When it comes to children, one of the most powerful of these is that they are all inherently vulnerable and thus in danger when at work or on the move. The result is that many migrant working children are automatically assumed to be victims of trafficking when they are away from home, with the blame put variously on irresponsible parents, weak states, or abstract poverty. UN staff are taught to think like this, and the journalists who interview them are inevitably taught to think the same.
But that isn’t the whole story. Because not all development workers uncritically accept what they are told and some know that reality is more complex. However, as Nina, a very senior UN employee once told me: “The trouble is that stories about poor kids migrating because of political-economic injustice simply don’t sell. It’s suffering that sells in Africa. You have to be sexy to raise money, and trafficking or slavery is sexy”.
Just think about that for a minute. It’s not about corruption, at least not in the formal sense of that term. It’s about is an entire political system designed to eschew the political economy of lack and instead reproduce comforting stories about African cultural backwardness amid the grinding pressure of poverty, since that’s what sells among the largely white, Western media audience and the donor agencies we fund. If suffering is sexy in Africa, it’s not the kind that is caused by our governments.
Making things worse
This brings me back to the Guardian piece and to similar pieces like it. I don’t doubt that the journalists who produce this work are good people trying to make the world a better place. I know a number of them and am certain that they believe in what they’re doing. The problem is, though, that this kind of work arguably makes things worse.
It deploys a gaze which is almost pornographic. In this respect, it disempowers the people it looks at and de-politicises the conditions in which they live. By constructing children as victims, it legitimises policies or raid-and-rescue missions that often make life worse for “rescued” kids. And by individualising suffering and exploitation, it detracts from the global structures that make these things possible.
Though many examples of this tendency exist, one in particular stands out. In the early 1990s, US Senator Tom Harkin, who was then the world’s most influential political donor in the global fight against child labour, introduced a bill to the US Senate to ban textile imports from Bangladesh unless factories could show that they were child labour-free.
Harkin had been horrified by images of working children in Bangladeshi factories and was disgusted that their labour propped up US retail supply chains. His intention was thus to “help”. Yet from the perspective of the kids he sought to assist, his intervention was an unmitigated disaster. Almost overnight, thousands were laid off, with many ending up in far worse conditions – on the street, in sex work, or in dangerous factories even further under the radar. Surely it would have been better for him to address the power of US corporations buying from Bangladeshi factories, demanding an extension of labour rights and good pay all the way down to the young workers in question?

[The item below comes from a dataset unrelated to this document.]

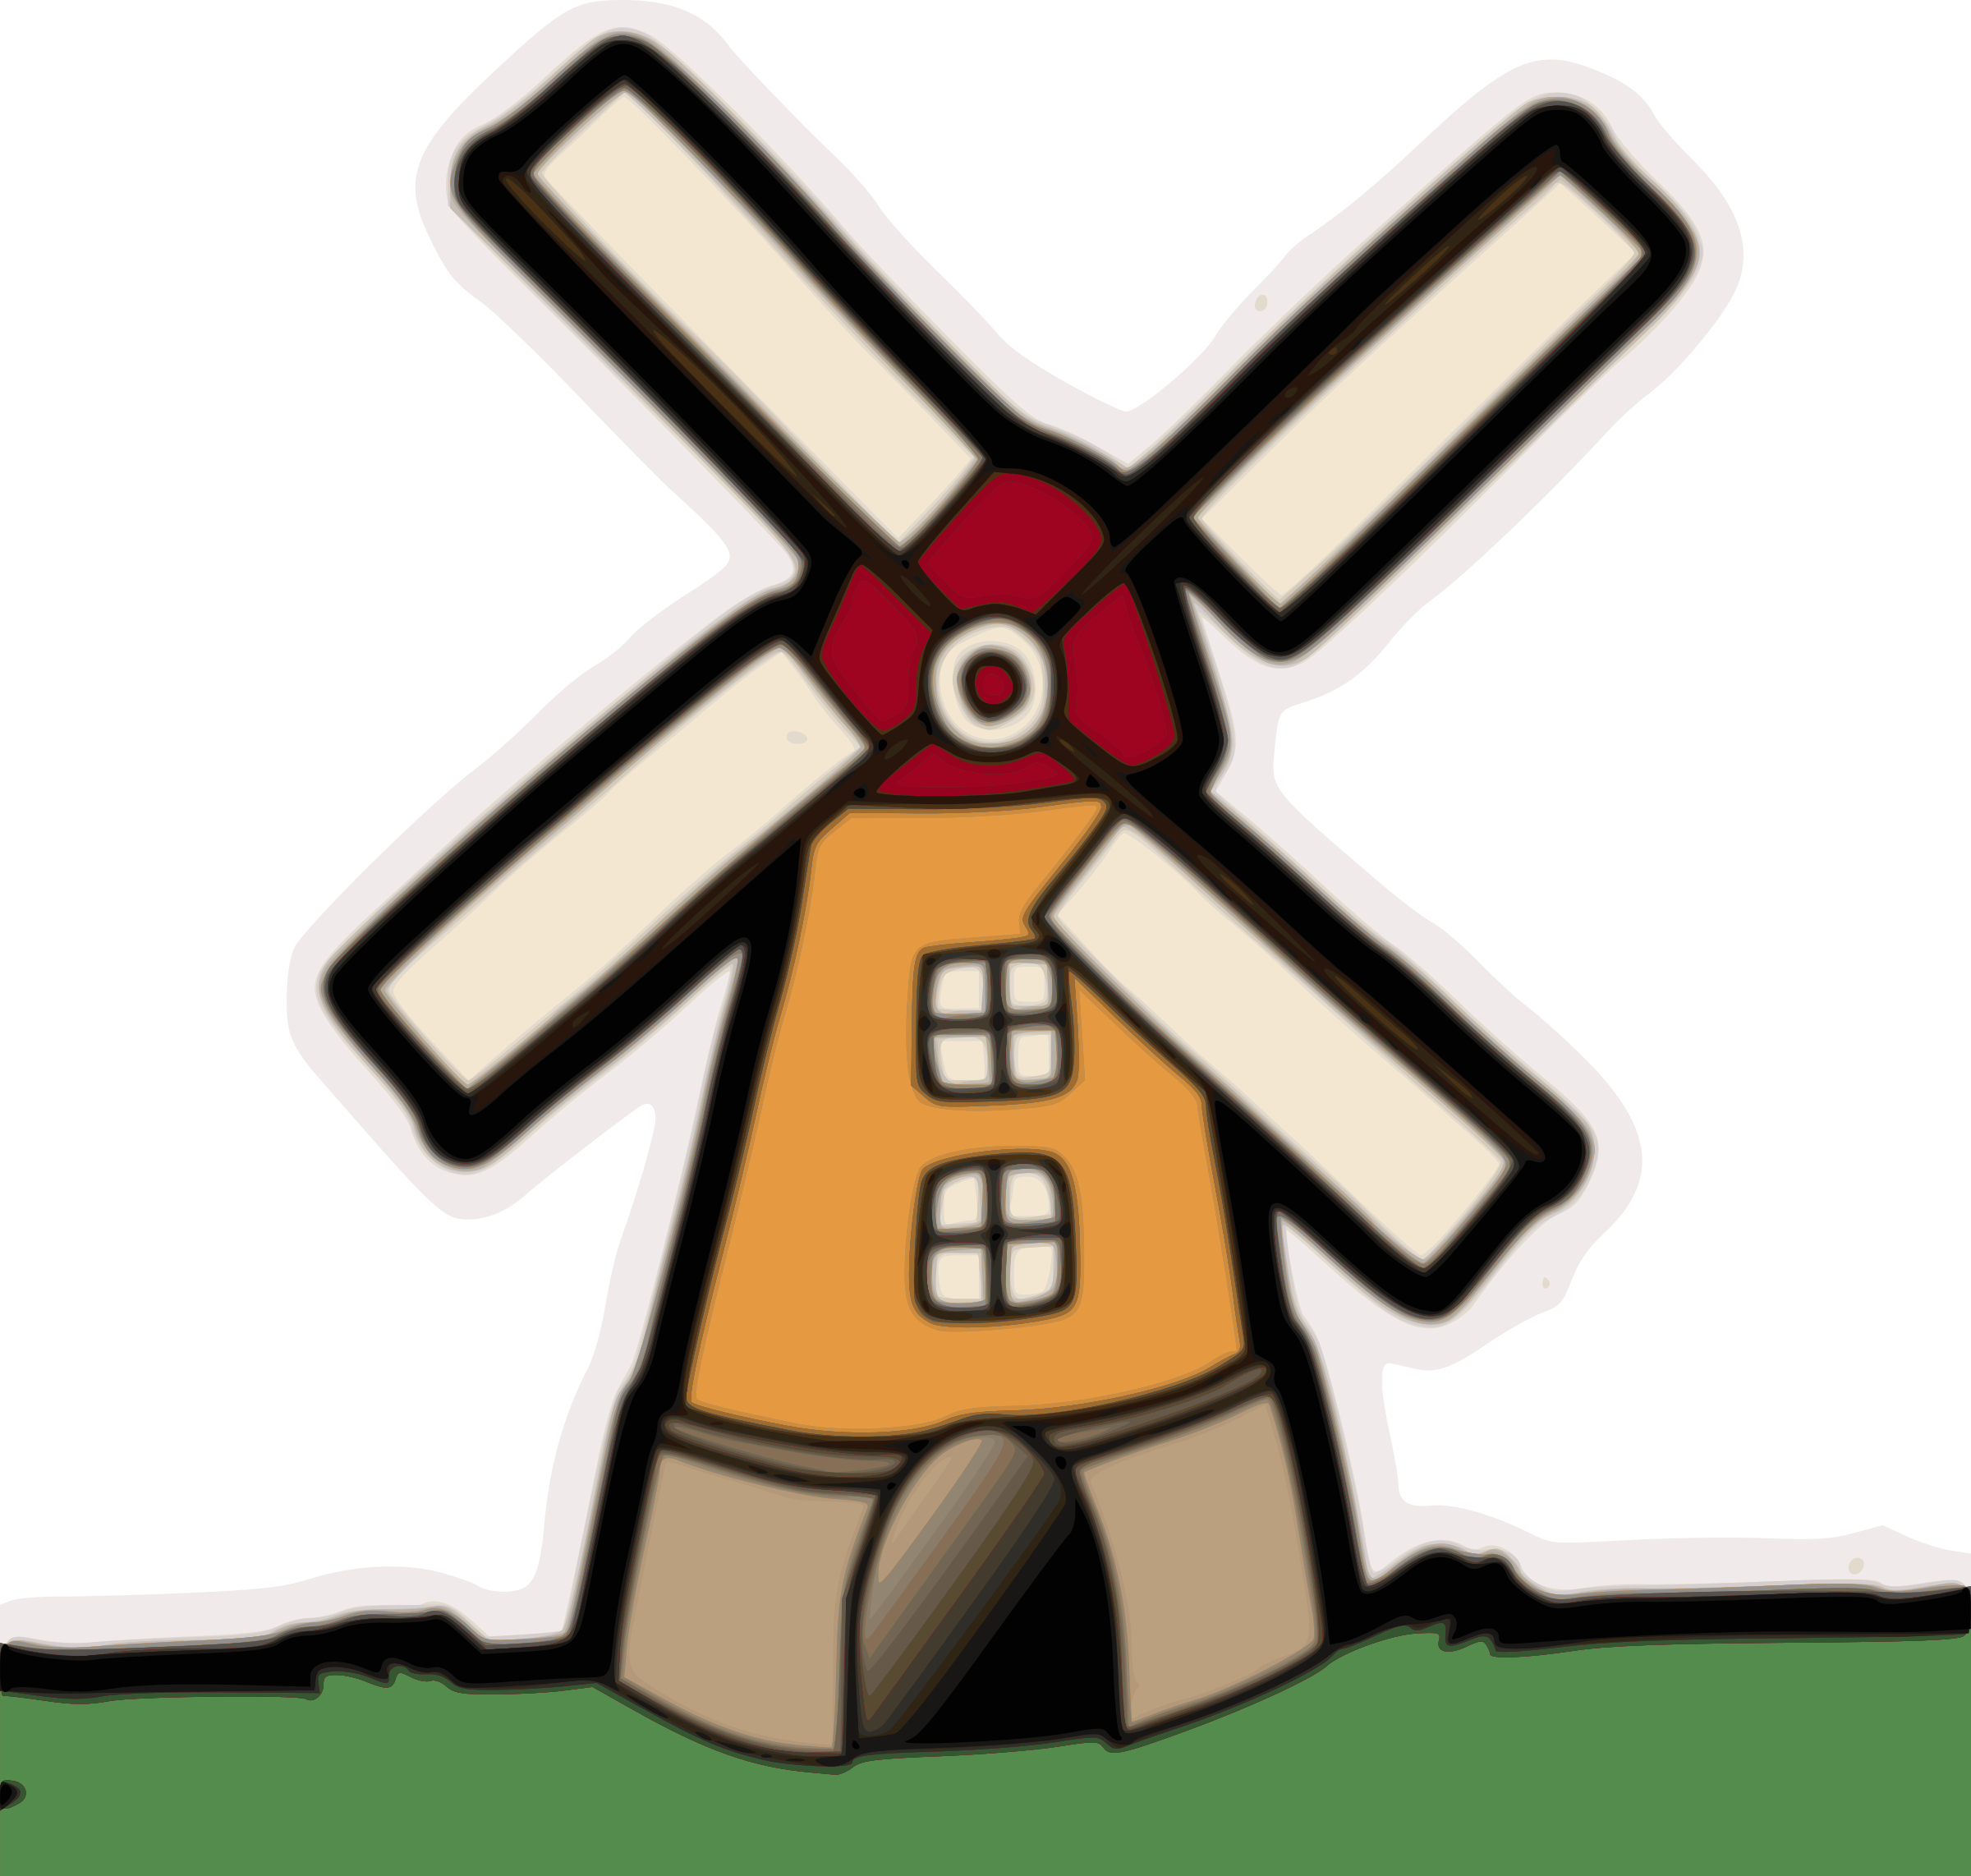 Windmill clipart Windmill Windmill Clipart

Ultimately, the pornographic gaze that allows for these kinds of interventions is part of the problem it seeks to remedy. Far better, I would suggest, for journalists to spend longer with the people on whom they report, to let them tell their own stories, and to use the privilege of access to the global press to contextualise their stories in global structures of power and exclusion of the kind characterising life under neoliberal capitalism. Then they might start making a difference.